Auf die Pressemitteilung und den Dank des Bayerischen Staatsministers des Innern, für Sport und Integration, Joachim Herrmann, darf ebenfalls verwiesen werden.

Bayern darf zu Recht stolz auf seine hochmotivierten und in jeder Lage leistungsfähigen Feuerwehren sein!

16.08.2021

Von Seiten des Landes Rheinland-Pfalz wurde das Hilfeersuchen für die Ölwehreinheiten aus Bayern nochmals bis 22.08.2021 verlängert. Nach Annahme des Hilfeersuchens durch das StMI wurden nun die bisherigen Einsatzkräfte am 15.08.2021 durch ein Hilfeleistungskontingent mit Einsatzkräften der Stadt und des Landkreises Bamberg ausgetauscht. Dieses wird bis voraussichtlich 22.08.2021 die bisherigen Arbeiten im Zusammenhang mit der Ölwehr fortsetzen und damit dem Land Rheinland-Pfalz, dem Landkreis Ahrweiler und der Bevölkerung einen ganz wichtigen Dienst mit dieser fachlichen Komponente zur Ölabwehr erweisen. Ein Vorauskommando hatte sich bereits am 14.08.2021 mit den vor Ort befindlichen Einsatzkräften getroffen und den Einsatzbereich/Einsatzstellen übergeben bekommen.
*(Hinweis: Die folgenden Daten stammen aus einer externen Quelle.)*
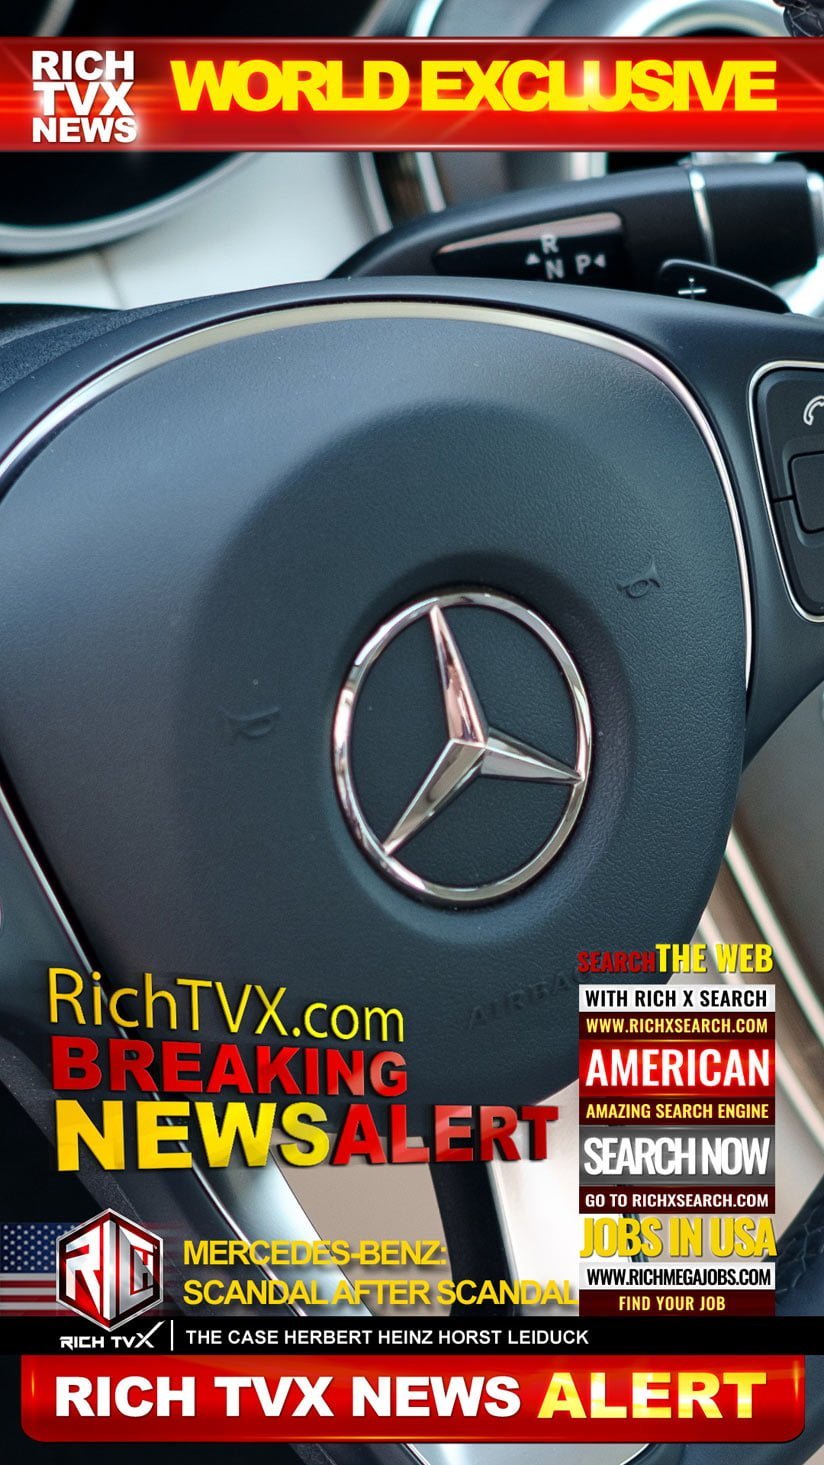 Mercedes-Benz: Scandal After Scandal

Den abgelösten Einsatzkräften sei auch auf diesem Wege ein herzliches Dankeschön gesagt und den neuen Einsatzkräften wünschen wir einen guten Einsatz und das alle wieder gesund nach Hause kommen.

06.08.2021

Nach Auskunft des StMI wurde der Einsatz der Ölwehreinheiten bis voraussichtlich 15.08.2021 jeweils mit interner Ablösung, die von den jeweils zuständigen Regierungen (Unterfranken, Oberpfalz, Niederbayern und Oberbayern) in Zusammenarbeit mit den SBR/KBR organisiert wird, verlängert.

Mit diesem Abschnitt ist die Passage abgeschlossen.